In this talk, we will discuss two types of mechanisms responsible for intrinsic resistance in superfluid spin transport in easy-plane magnetic wires: thermally-activated and quantum phase slips. First, we theoretically study thermally-activated phase slips within the stochastic Landau-Lifshitz-Gilbert phenomenology, which runs parallel to the Langer-Ambegaokar-McCumber-Halperin theory for thermal resistances in superconducting wires [1]. To that end, we start by obtaining the exact solutions for free-energy minima and saddle points. We provide an analytical expression for the phase-slip rate in the zero spin-current limit, which involves detailed analysis of spin fluctuations at extrema of the free energy.

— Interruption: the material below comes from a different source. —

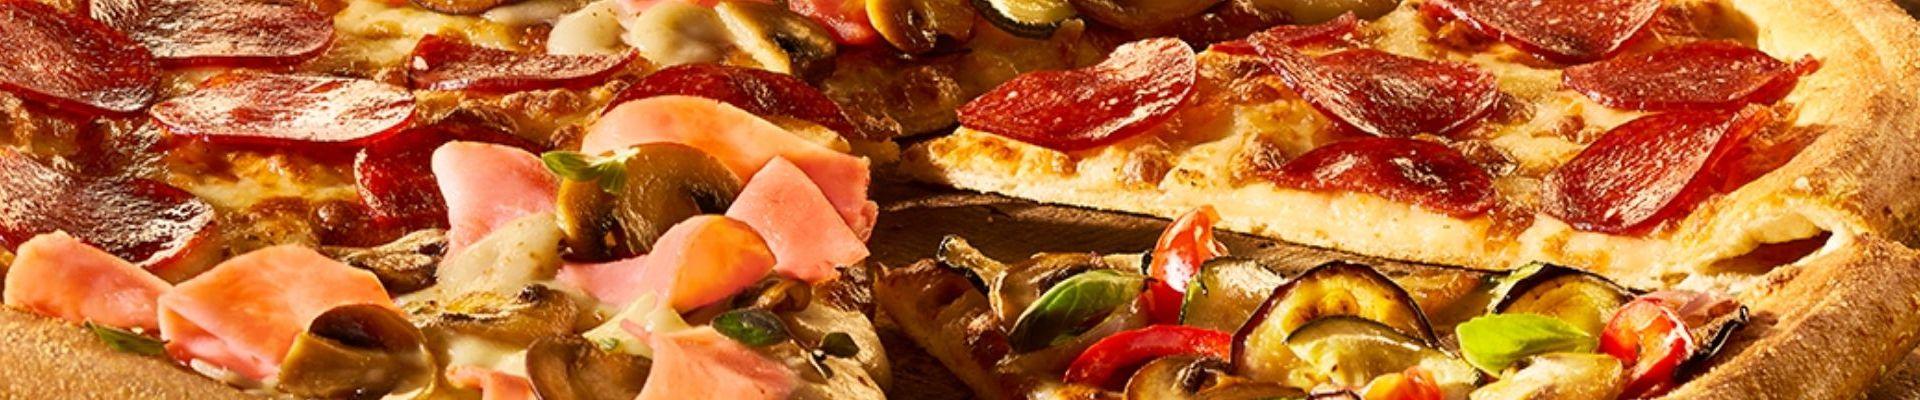 Pizza a domicilio en Valencia
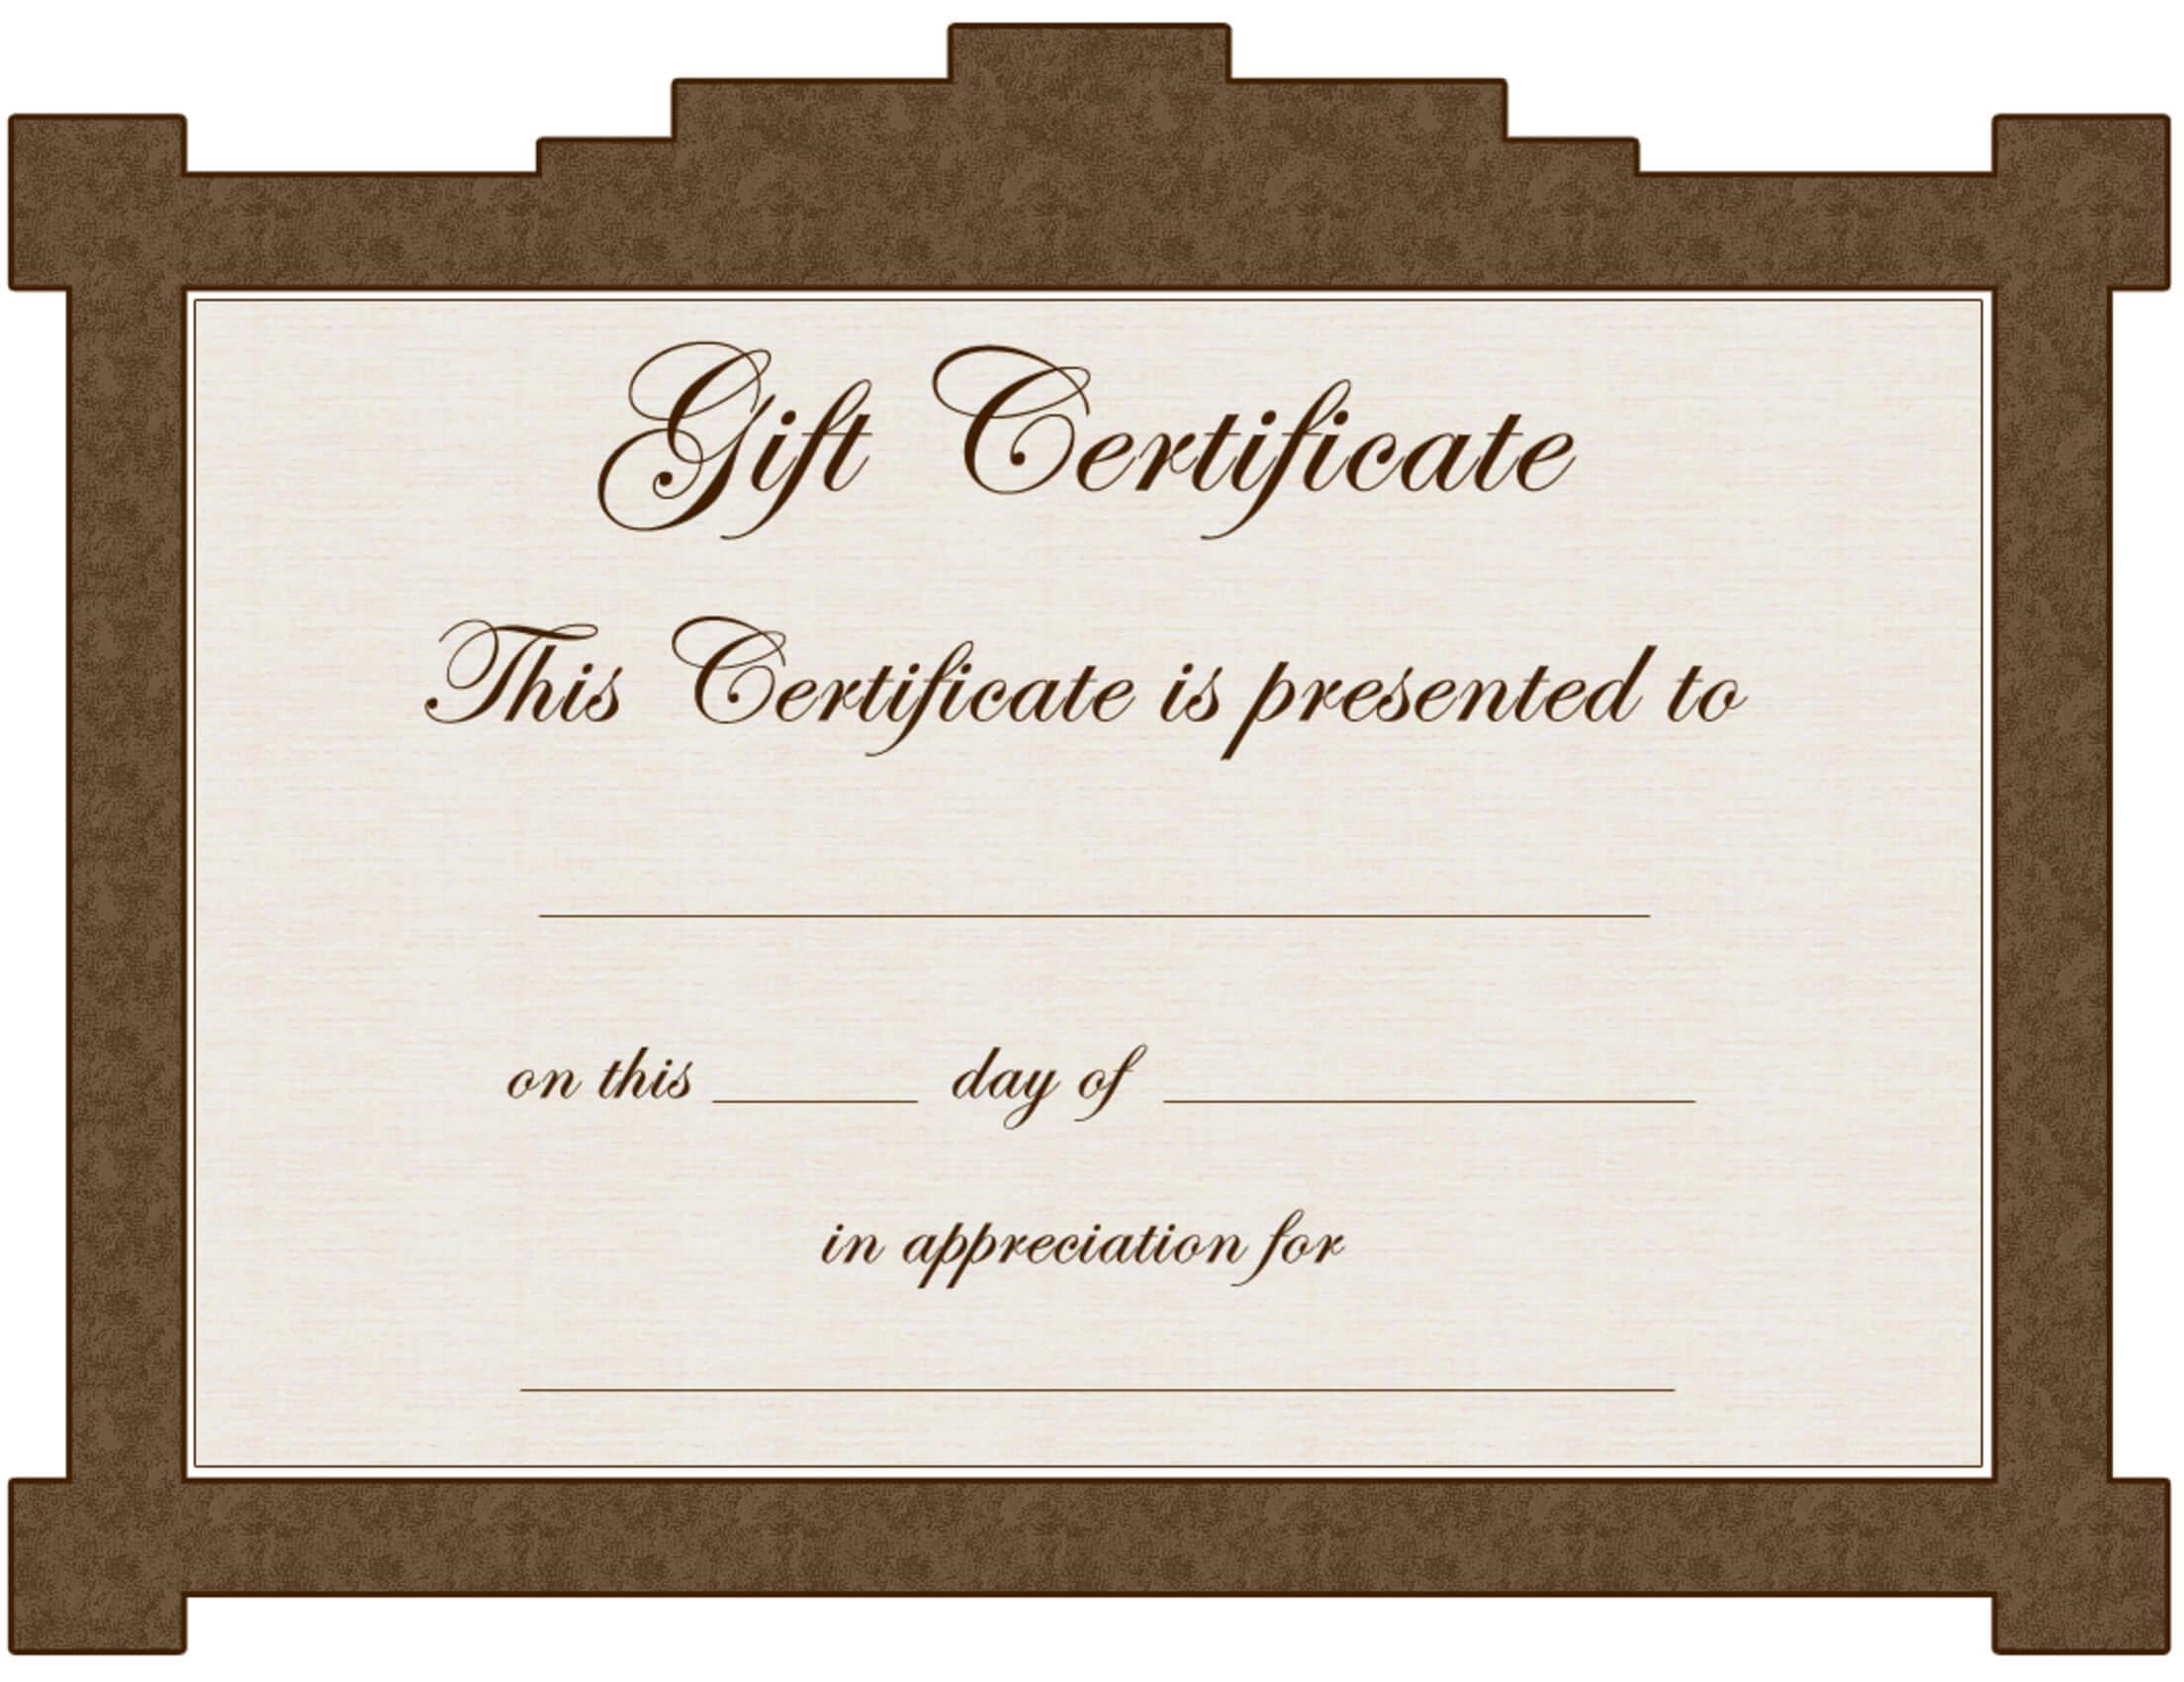 Avon Gift Certificate Template – Clip Art Library Intended For Tattoo Gift Certificate Template

Secondly, we theoretically investigate effects of quantum fluctuations on superfluid spin transport through easy-plane quantum antiferromagnetic spin chains in the large-spin limit [2]. Quantum fluctuations result in the decaying spin supercurrent by unwinding the magnetic order parameter within the easy plane, which is referred to as phase slips. We show that the topological term in the nonlinear sigma model for the spin chains qualitatively differentiates decaying rate of the spin supercurrent between integer and half-odd-integer spin chains. We propose an experimental setup for a magnetoelectric circuit, in which both phase slips can be inferred by measuring nonlocal magnetoresistance.